The better-than-expected mining production number (+5.3% y/y vs Standard Bank’s forecast of +3.1% and consensus of -1.5%) had little impact on market moves. While PGMs were still negative y/y at -17.6%, this was a lower move than the recent -45% y/y we had seen in the prior two months. The improvement was led by iron ore (+38.3% y/y and contributing +5.7pp), manganese (+20.1% y/y, contributing +1.2pp) and coal (+7.7% y/y, contributing +1.8pp). Similar to the manufacturing print earlier in the week, this print suggests some promising improvements for GDP going into Q4.

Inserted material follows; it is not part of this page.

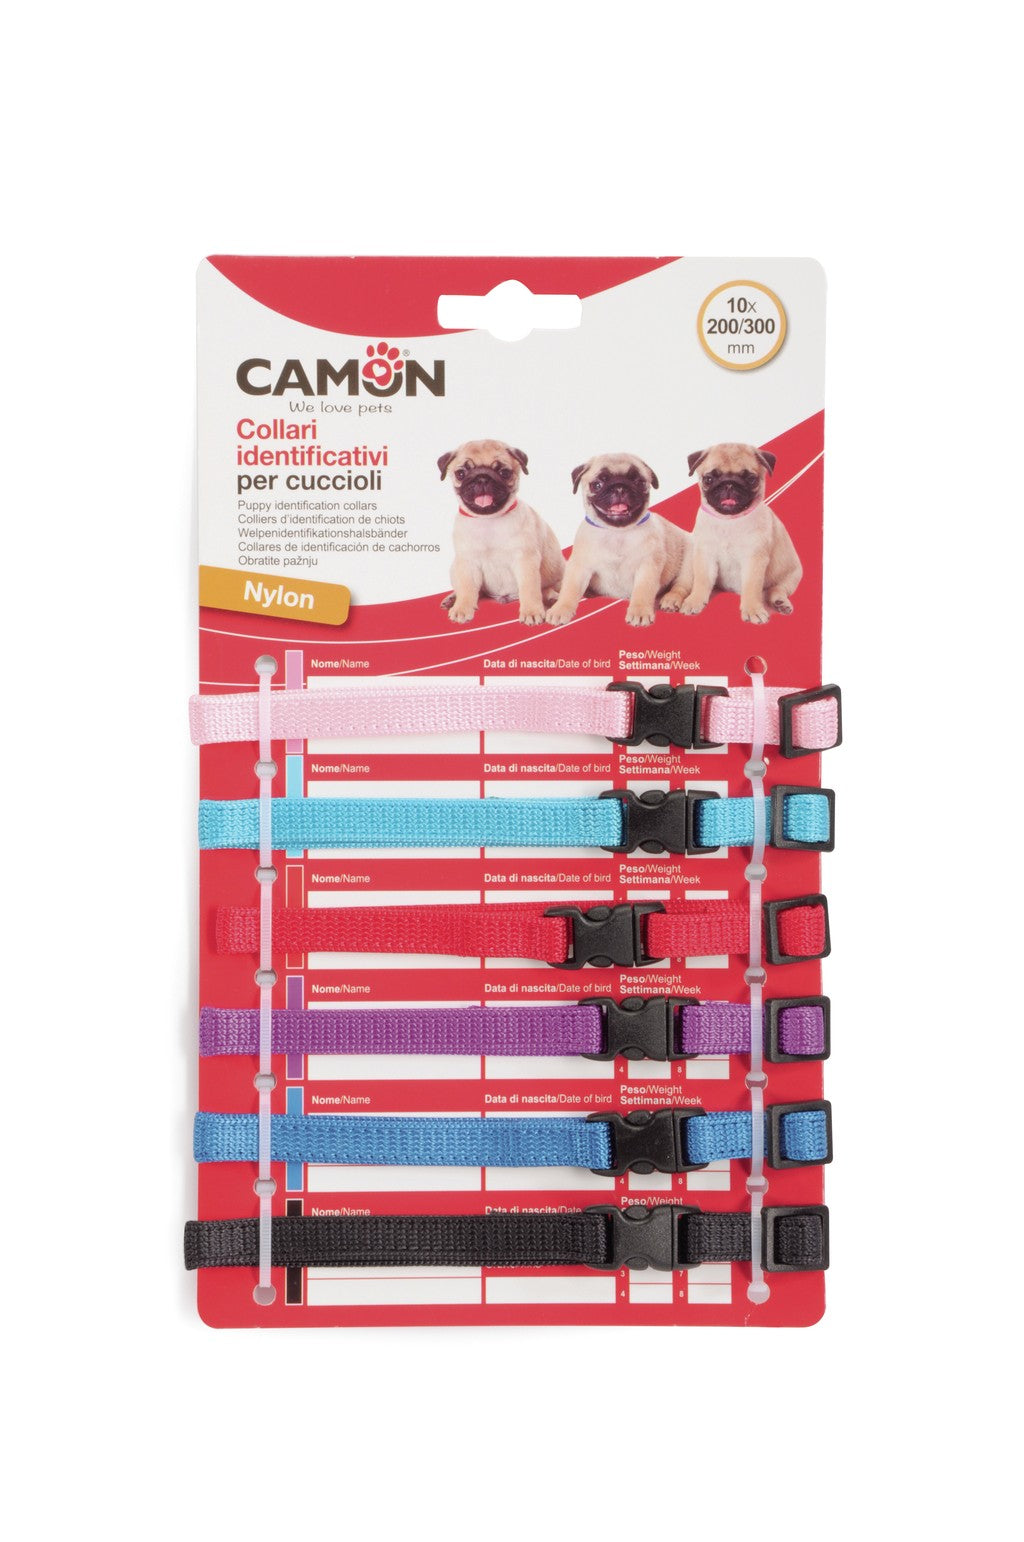 Camon Collari identificativi per cuccioli con sgancio di sicurezza - DC0331 - 10x200/300 mm

Apart from the earlier mentioned 10yr UST move, the rest of the US curve also rallied by over 3.0 bps. EM FI generally saw some slight weakness in the 5yr tenor, widening by an average of 1.2 bps, while the 10yr tenor was averaged almost unchanged. South Africa underperformed EM in both tenors, while Hungary and Poland led the stronger moves in both tenors. India and Russia had the weakest bond markets in both tenors.


Latest SA publications

SA FX Weekly: BoJ and ECB vs Fed: different paths by Marc Ground (10 November 2014)

Credit & Securitisation Monthly: Moody’s downgrades SA by Robyn MacLennan, Steffen Kriel and Varushka Singh (11 November 2014)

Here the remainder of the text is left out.